A single use.ts can define multiple middleware functions. They execute in the order you define them:

api/users/use.ts

import { use } from "_/front/api";

export default [
  // First: Logging
  use(async (ctx, next) => {
    console.log(`Request: ${ctx.method} ${ctx.path}`);
    return next();
  }),

  // Second: Authentication (only for certain methods)
  use(
    async (ctx, next) => {
      const token = ctx.headers.authorization?.replace("Bearer ", "");
      ctx.assert(token, 401, "Authentication required");
      ctx.state.user = await verifyToken(token);
      return next();
    },
    { on: ["POST", "PUT", "DELETE"] },
  ),

  // Third: Request timing
  use(async (ctx, next) => {
    const start = Date.now();
    await next();
    ctx.set("X-Response-Time", `${Date.now() - start}ms`);
  }),
];

This keeps related middleware organized in one place while maintaining clear separation of concerns.

💡 Best Practices

Use for cross-cutting concerns: Authentication, logging, rate limiting, and CORS are perfect candidates. These apply broadly to groups of routes.

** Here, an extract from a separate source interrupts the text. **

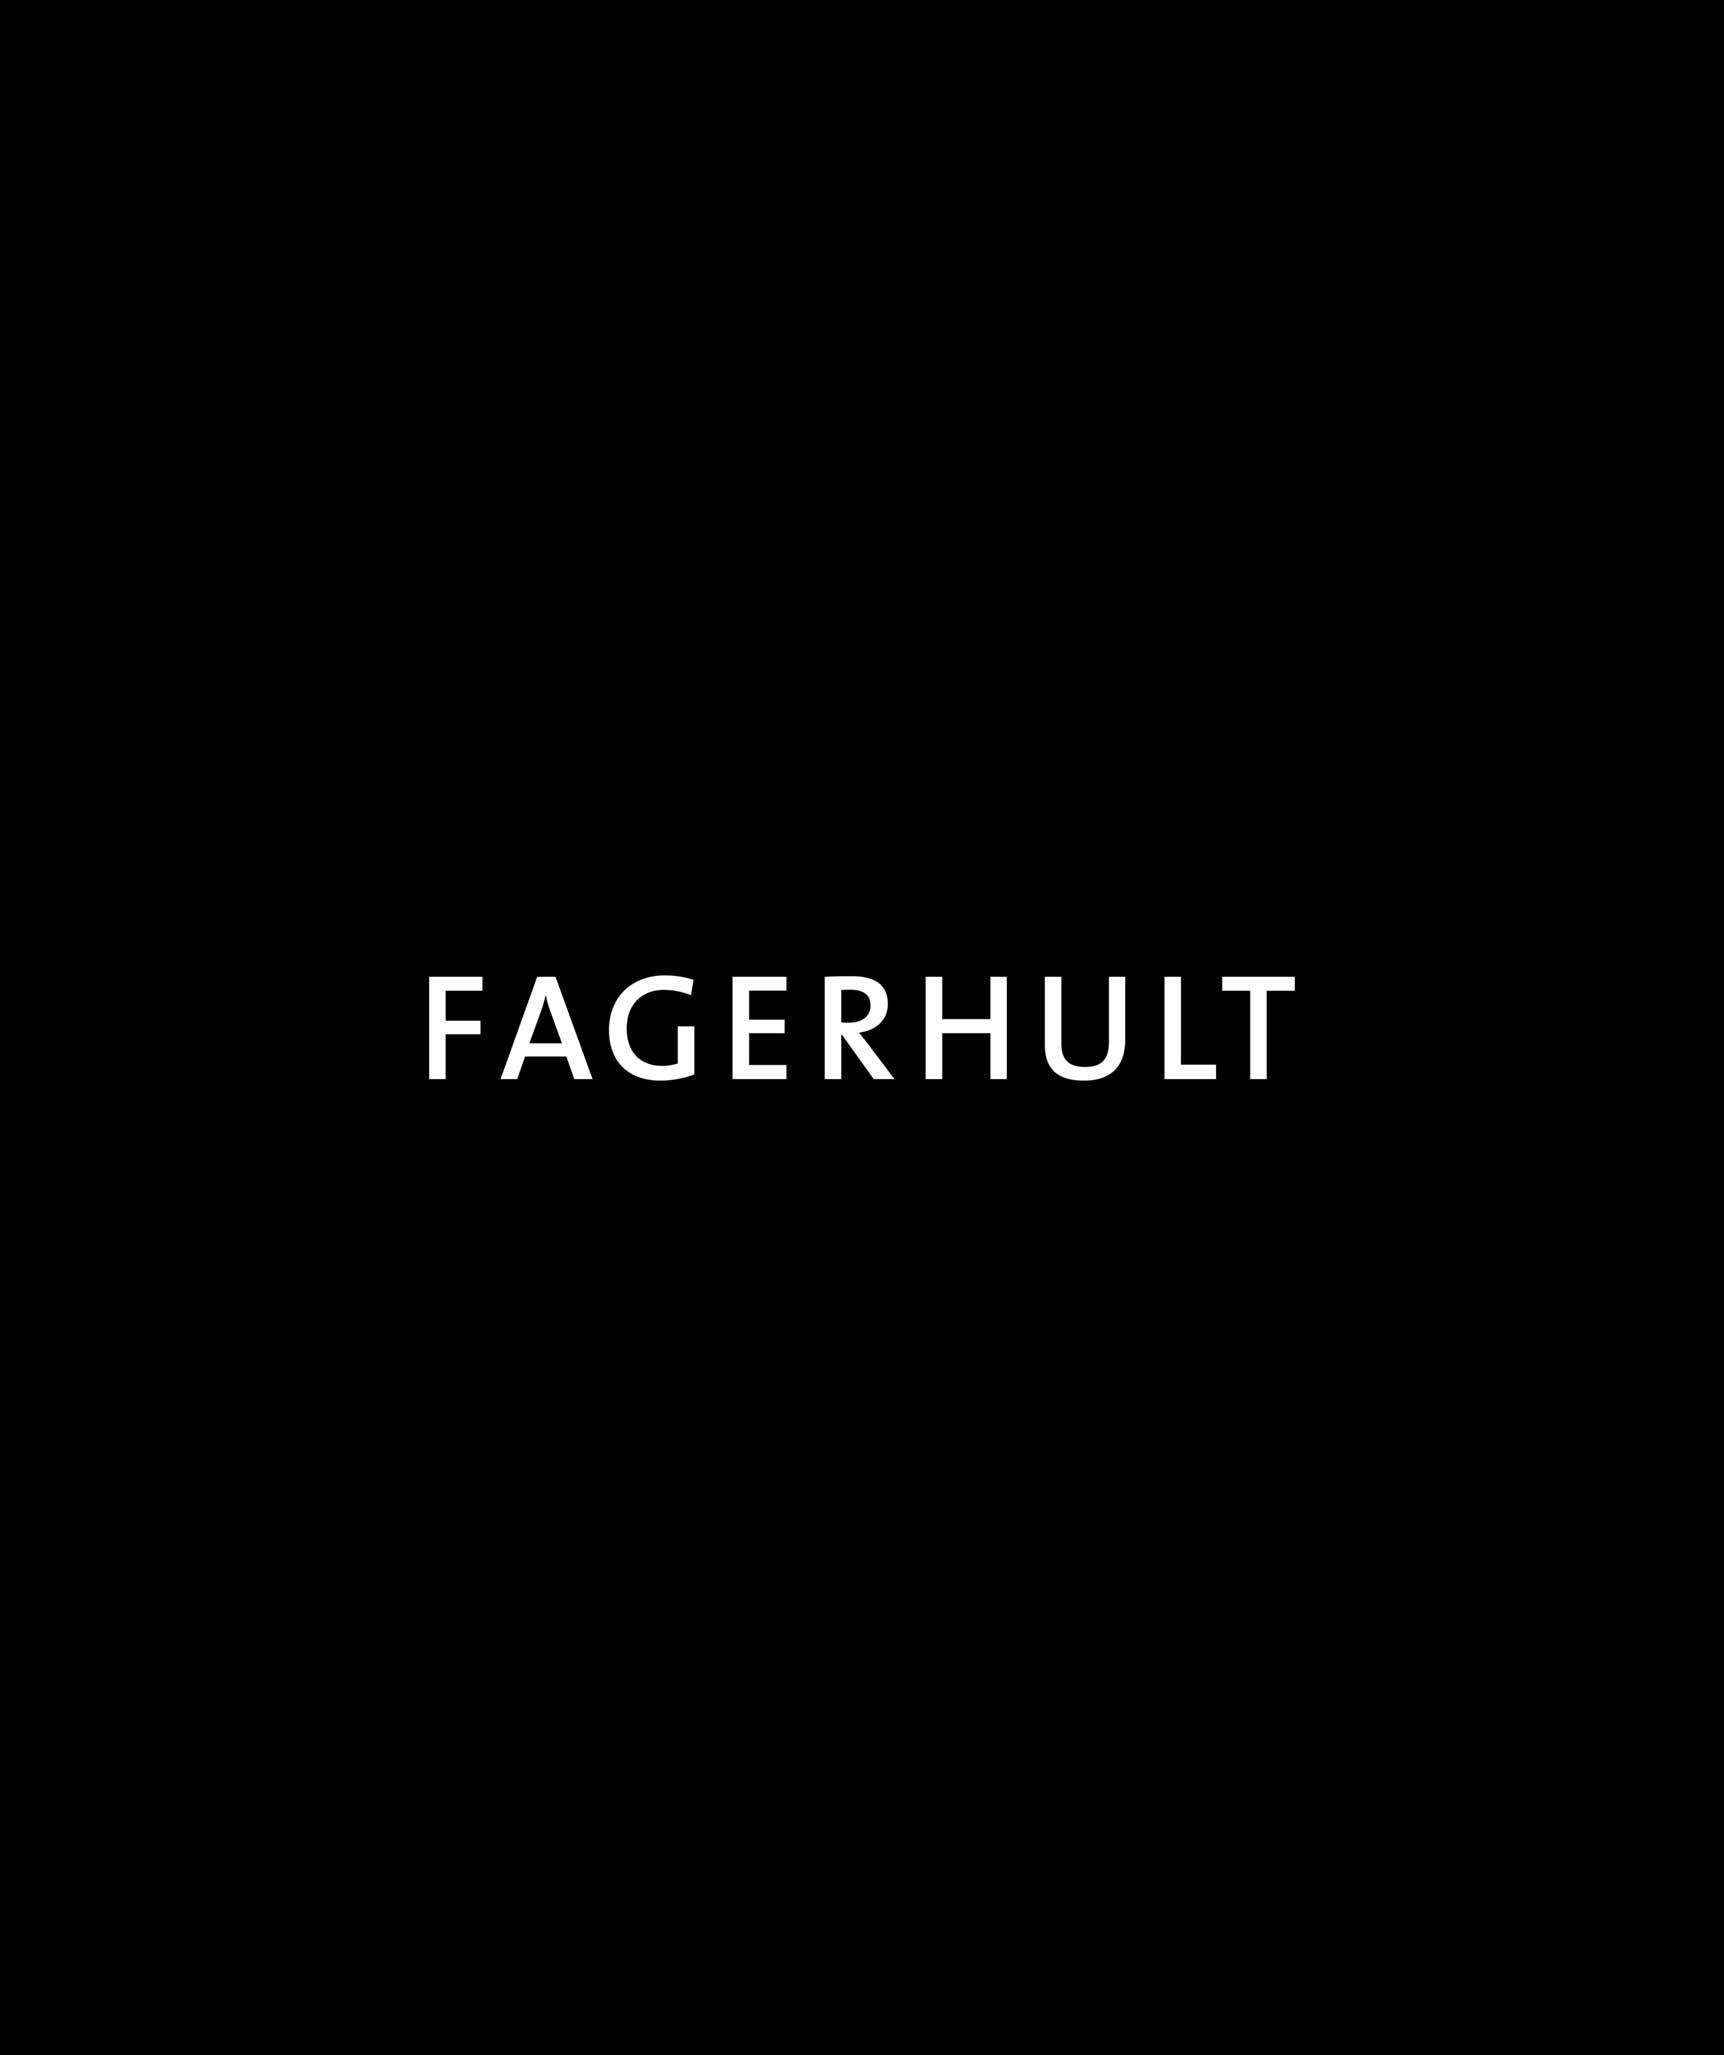 Fagerhult - e-Sense Stage #7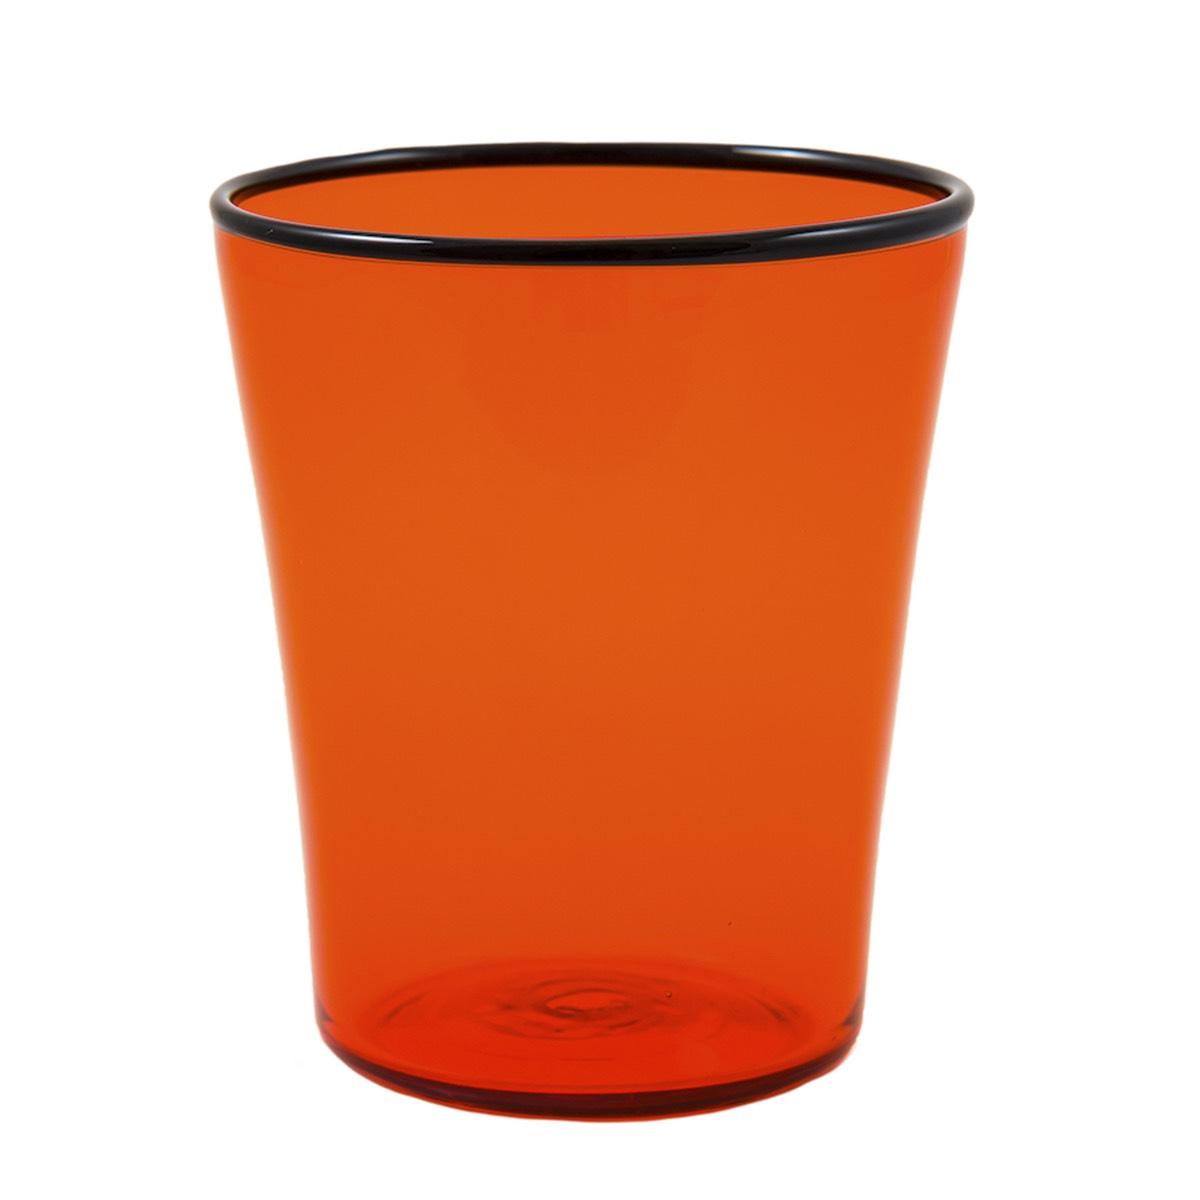 mascia-orange-glass-black-murano

Keep it generic: Avoid parameter-specific logic or assumptions about request structure that won't hold for all routes in the hierarchy.

Use slots for overrides: Use the slot option when you need to replace global middleware - without slot your middleware runs alongside the global middleware instead of replacing it.

Organize by feature: If you have a /api/admin section with different authentication requirements, give it its own use.ts rather than adding conditional logic to a parent middleware.

Consider middleware composition: A deeply nested route might inherit middleware from multiple use.ts files. Make sure they compose well - each layer should add value without conflicting with parent middleware.

Document middleware behavior: Leave comments in your use.ts files explaining what they do and why they're needed. Future you (and your teammates) will appreciate the context.

---

Cascading middleware transform how you organize cross-cutting concerns. Instead of scattering the same authentication checks across dozens of files, you define them once at the appropriate level and let the hierarchy do the work.

As your API grows, this pattern keeps your codebase maintainable by mirroring your route structure in your middleware organization.